The company will release the complementary Xeon 6900E and 6700P series CPUs in Q1 2025. The 6900E will expand on the 6700E by targeting extreme scale-out workloads with up to 288 cores. Meanwhile, the 6700P will offer a lower level of performance Xeon with fewer cores and less rich cache. It is still great for enterprise workloads, just not with the extreme specs of the 6900P.

Effectively, Intel has launched the lowest end of the Xeon 6 family (6700E) and the highest end (6900P). In Q1 2025, it will fill in the middle with the 6700P and 6900E.

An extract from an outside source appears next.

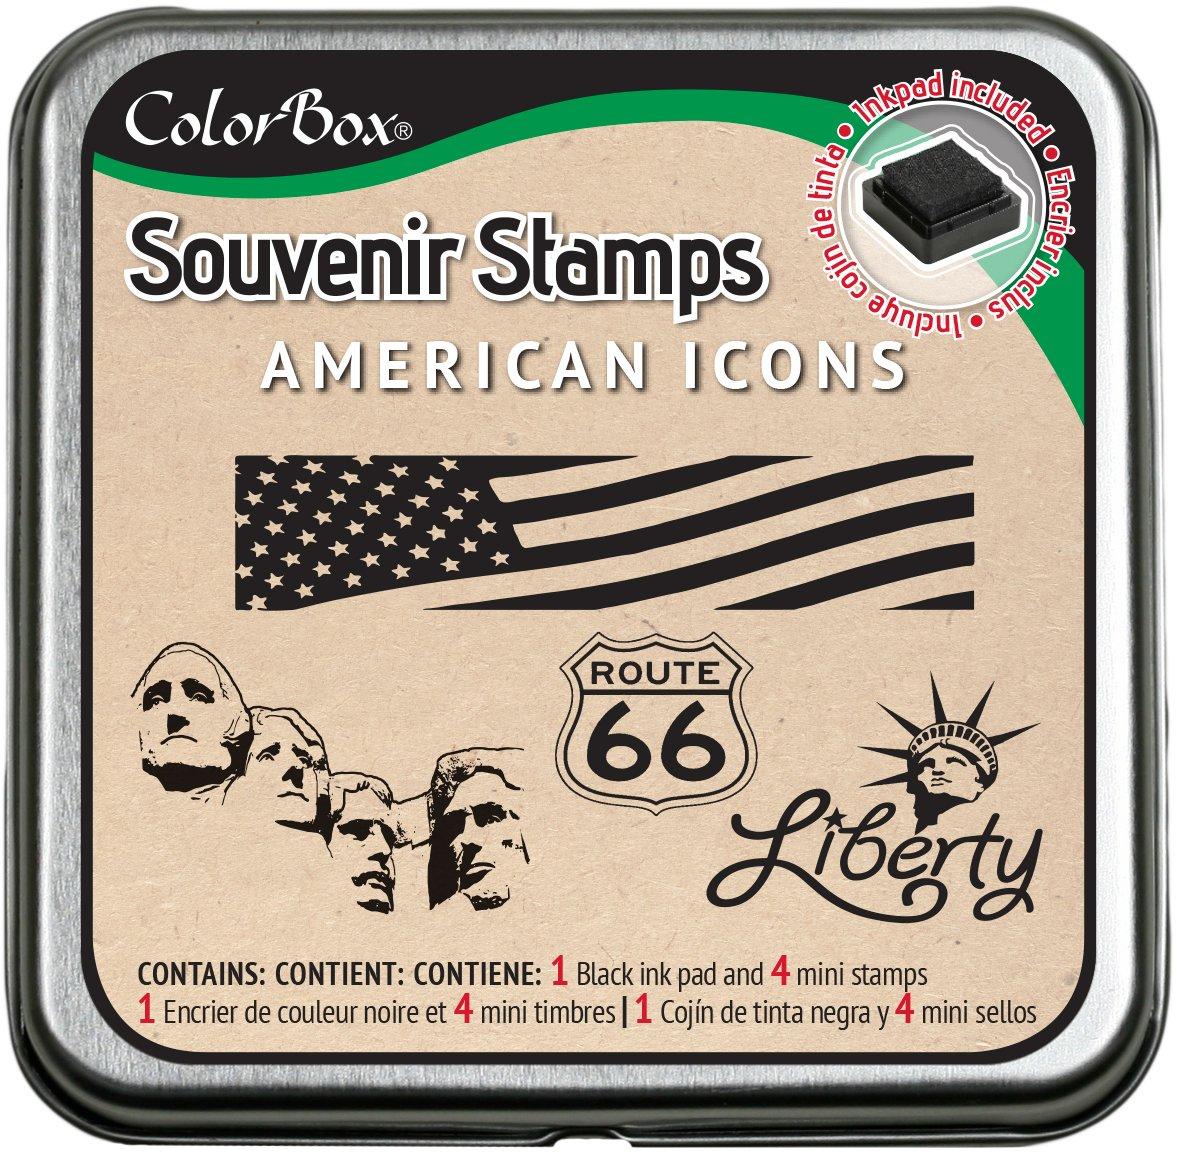 Paris CLEARSNAP ColorBox Souvenir Stamps

Comparing the Xeon 6P and 6E cores Intel

The other part of Intel’s datacenter launch was Gaudi 3, the company’s AI accelerator. Like Xeon 6, Gaudi 3 has been talked about for some time. CEO Pat Gelsinger announced it at the company’s Vision conference in April, where we provided a bit of coverage that’s still worth reading for more context. At Computex in June, Gelsinger offered more details, including pricing. The prices he cited suggest a significant advantage for Intel compared to what we suspect Nvidia and AMD are charging for their comparable products (neither company has published its prices). However, for as much as Gaudi 3 has already been discussed, it has only now officially launched.

What’s Inside Xeon 6P?

Xeon 6P is a chiplet design built on two processes. The compute die, consisting of cores, cache, mesh fabric (how the cores connect) and memory controllers, is built on the Intel 3 process. As the name implies, this is a 3nm process. The chip’s I/O dies are built on the old Intel 7 process—at 7nm. This process contains PCIe, CXL and Xeon’s accelerator engines (more on those later).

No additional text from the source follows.